_EXERCISE DETAILS_
Restate word for word the lines below that run from the one holding "925 Silver Luxury" through the one holding "Alternate Image 2", inclusive. Pictures don't belong in the copy.

DATA SHOWN Start Marker

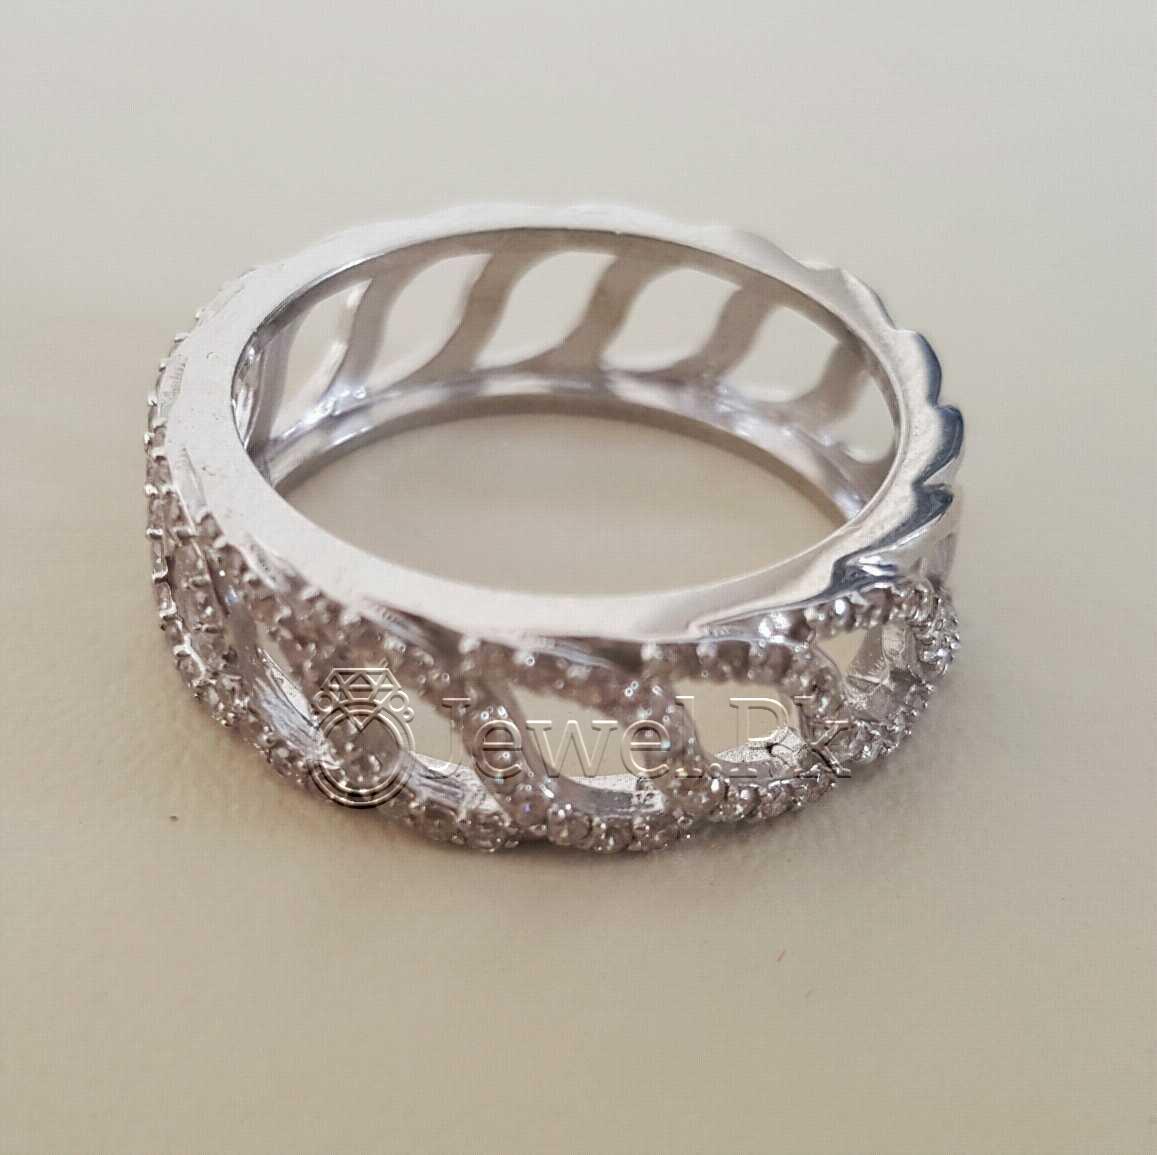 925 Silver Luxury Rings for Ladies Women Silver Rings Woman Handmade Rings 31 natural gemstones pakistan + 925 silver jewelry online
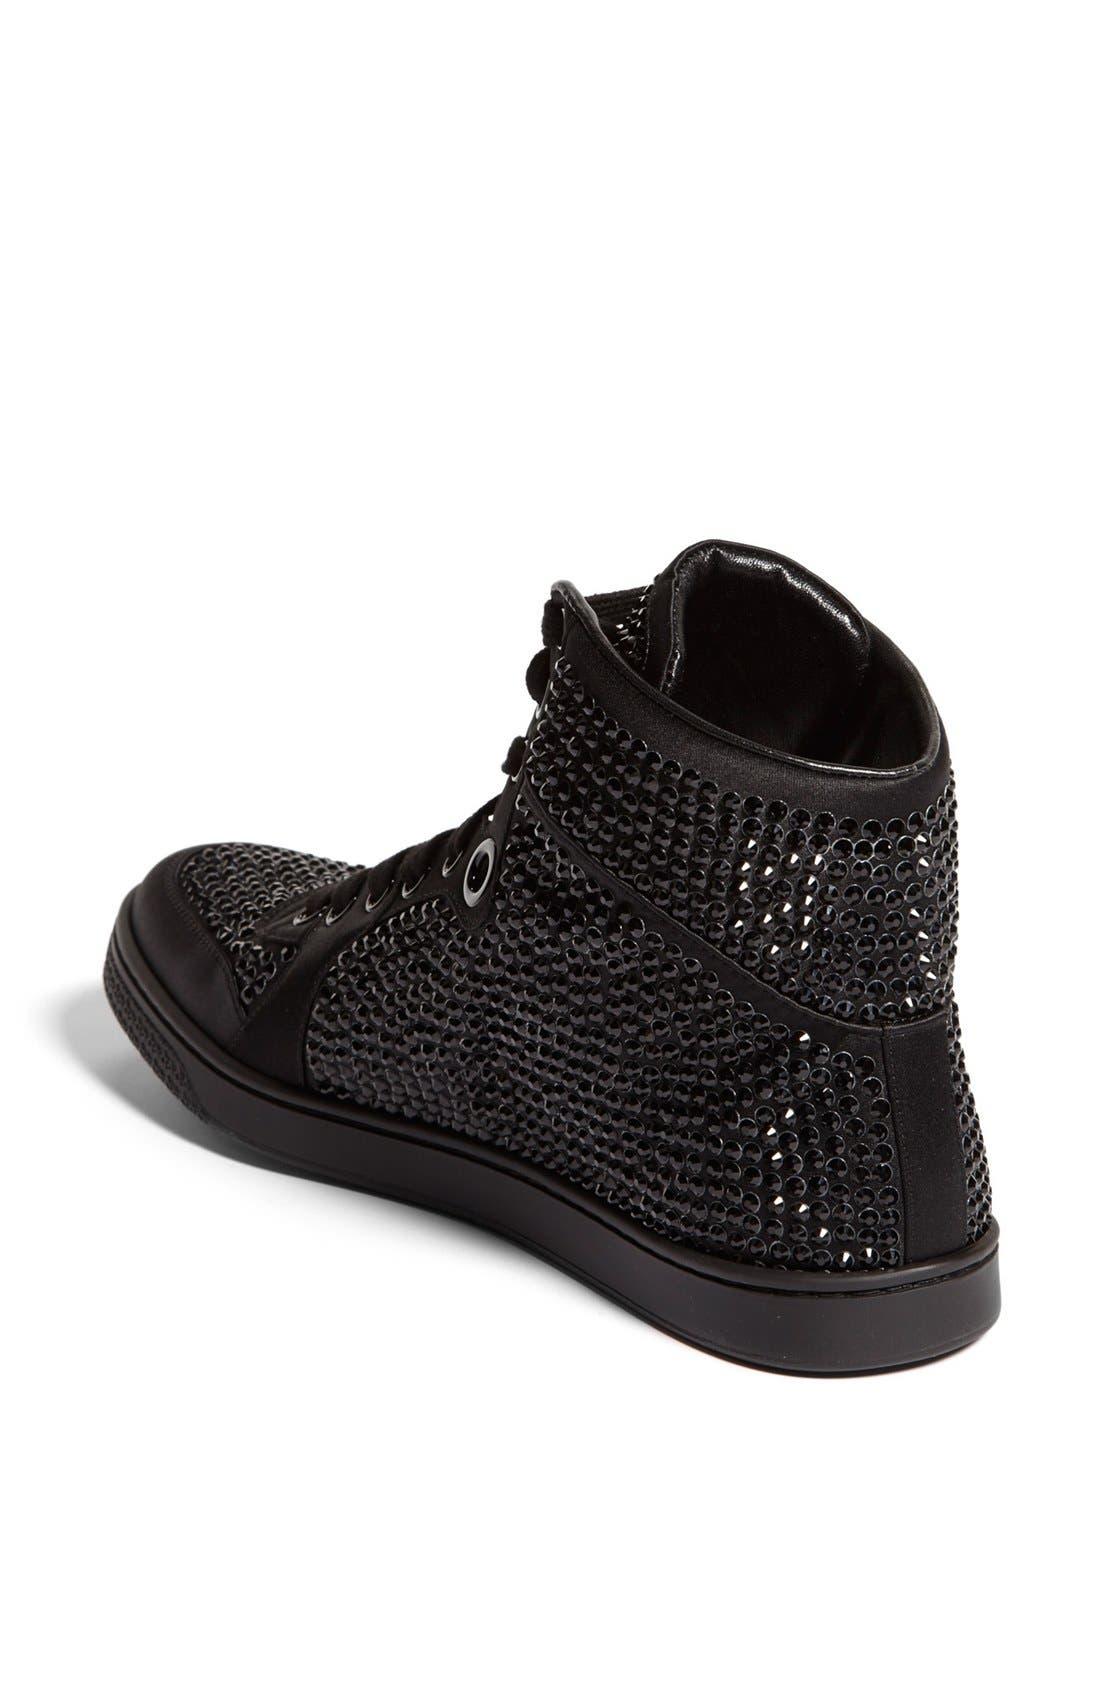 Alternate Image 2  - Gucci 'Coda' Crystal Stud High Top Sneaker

DATA SHOWN End Marker
DATA SHOWN Start Marker

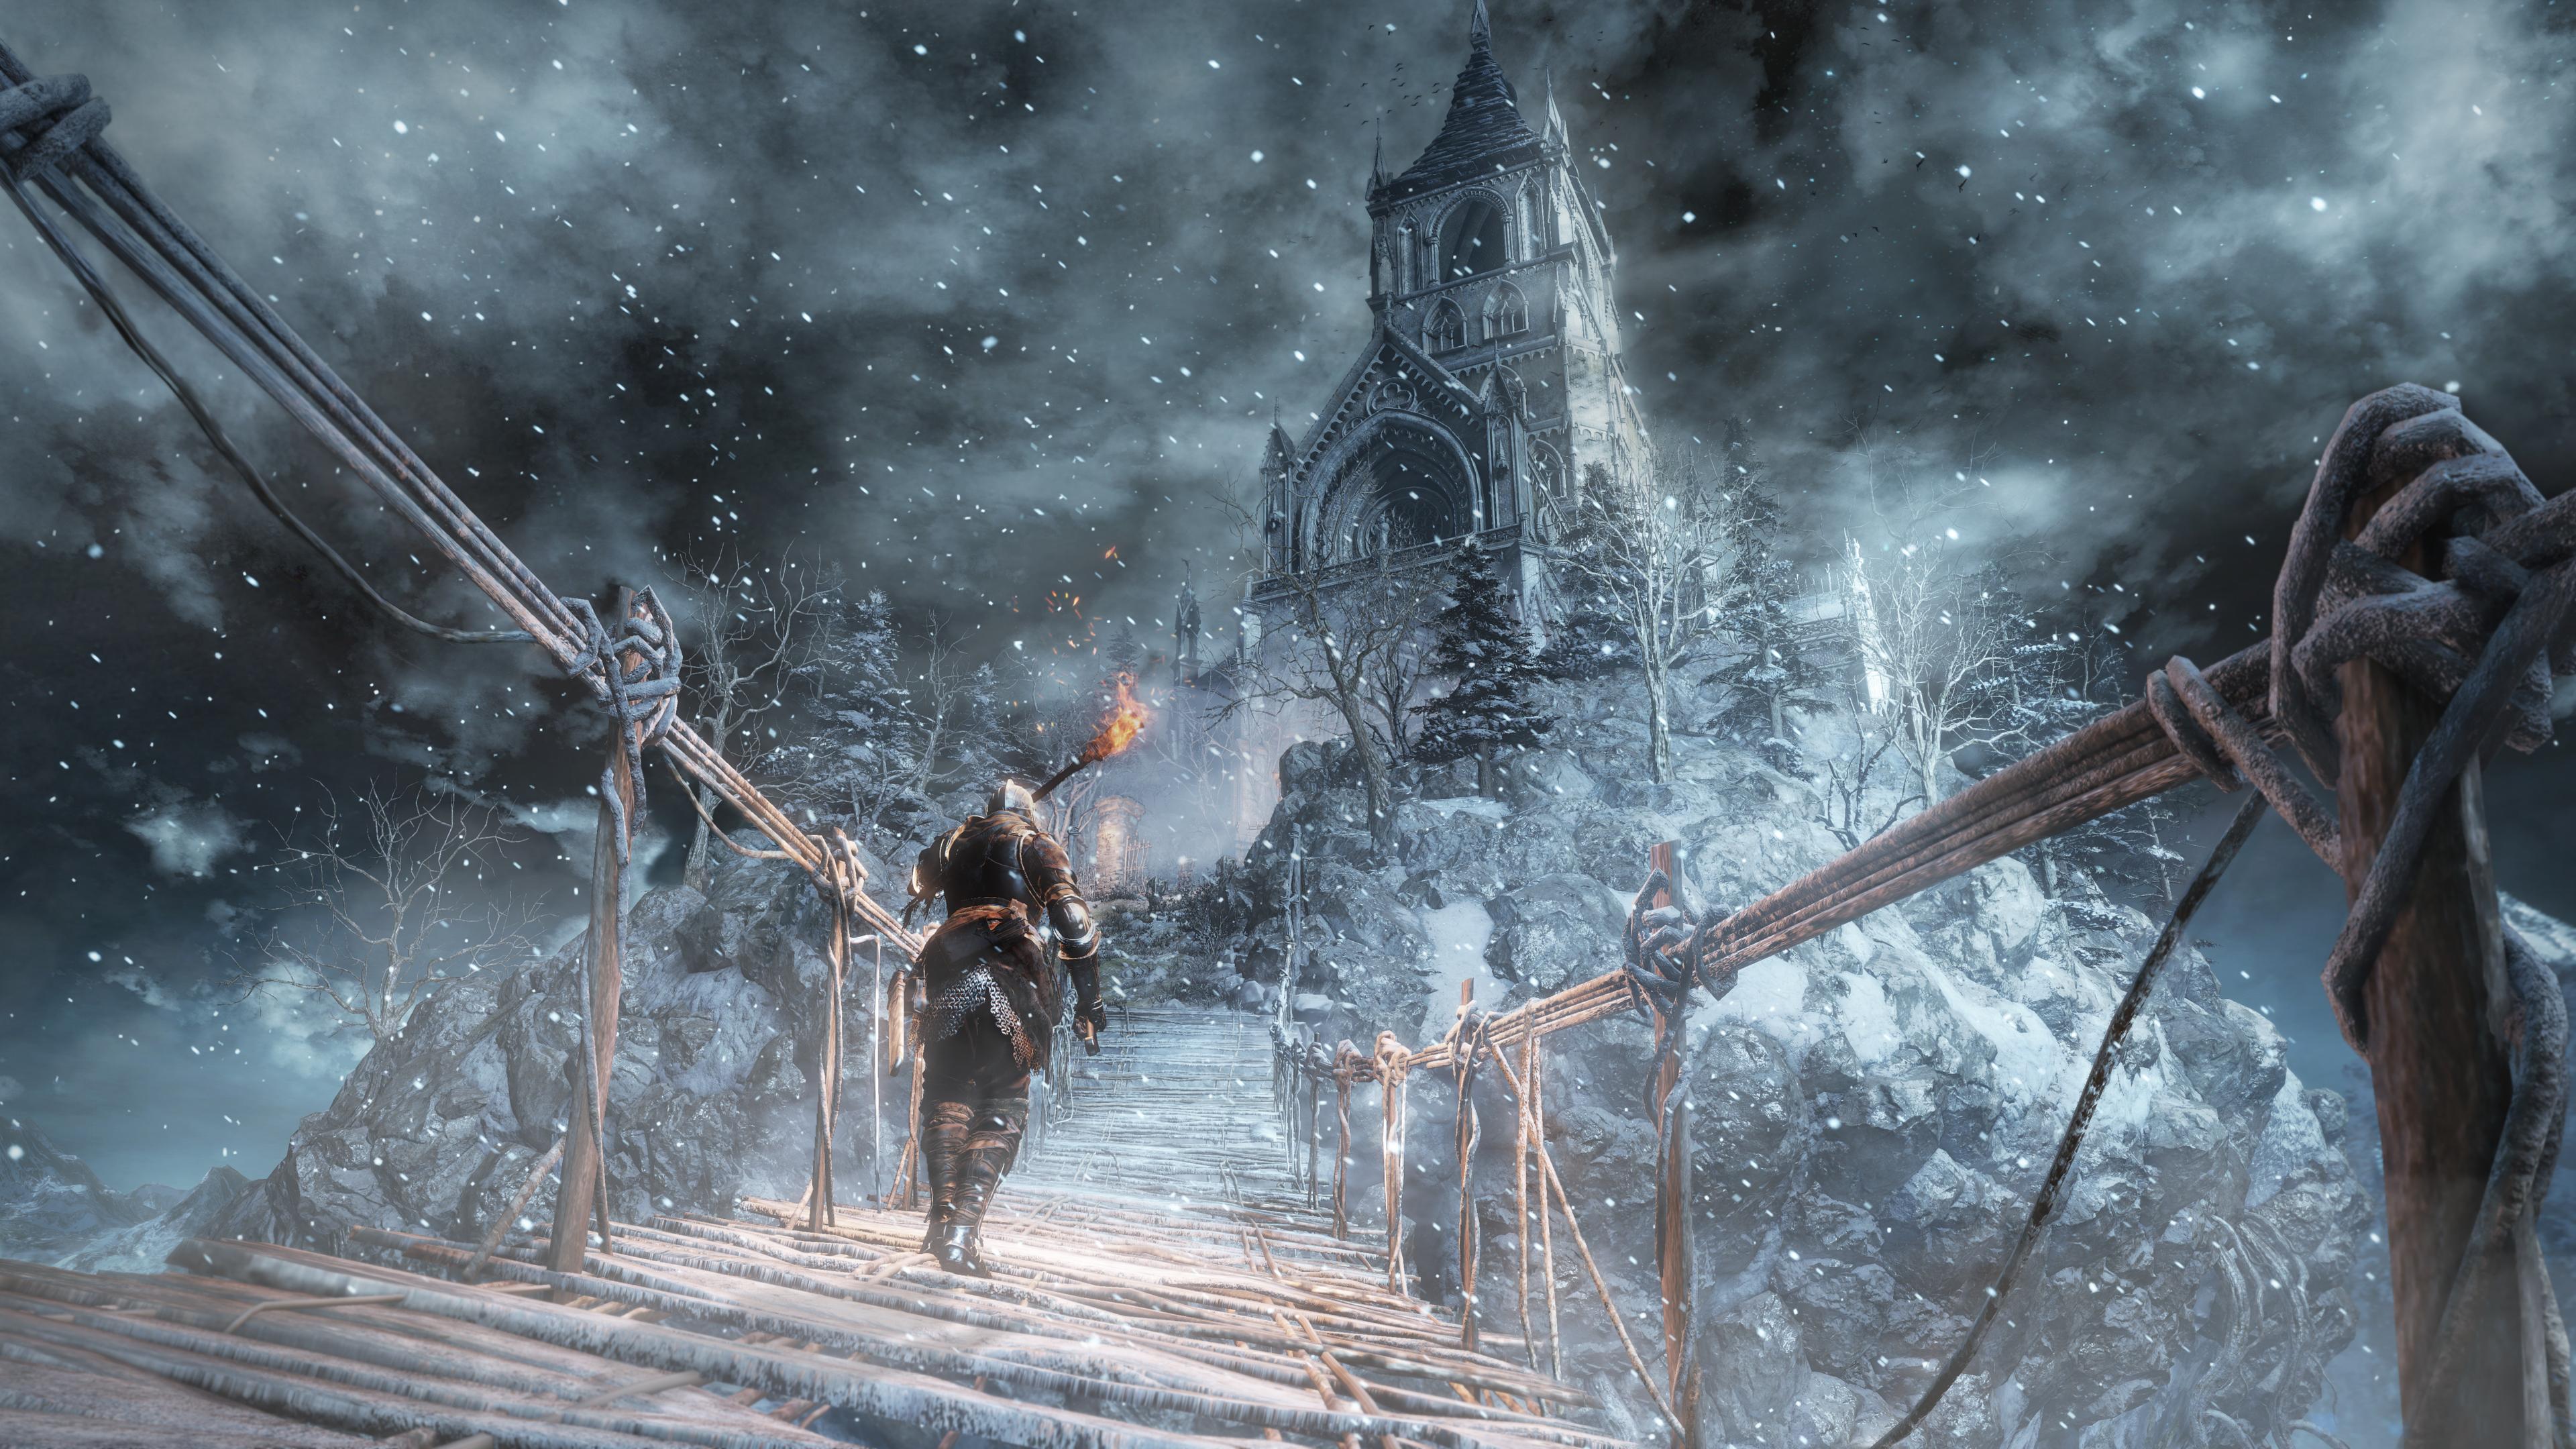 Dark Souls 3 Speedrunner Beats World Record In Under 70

DATA SHOWN End Marker

_SOLVED PROBLEM_
 925 Silver Luxury Rings for Ladies Women Silver Rings Woman Handmade Rings 31 natural gemstones pakistan + 925 silver jewelry online
 Alternate Image 2  - Gucci 'Coda' Crystal Stud High Top Sneaker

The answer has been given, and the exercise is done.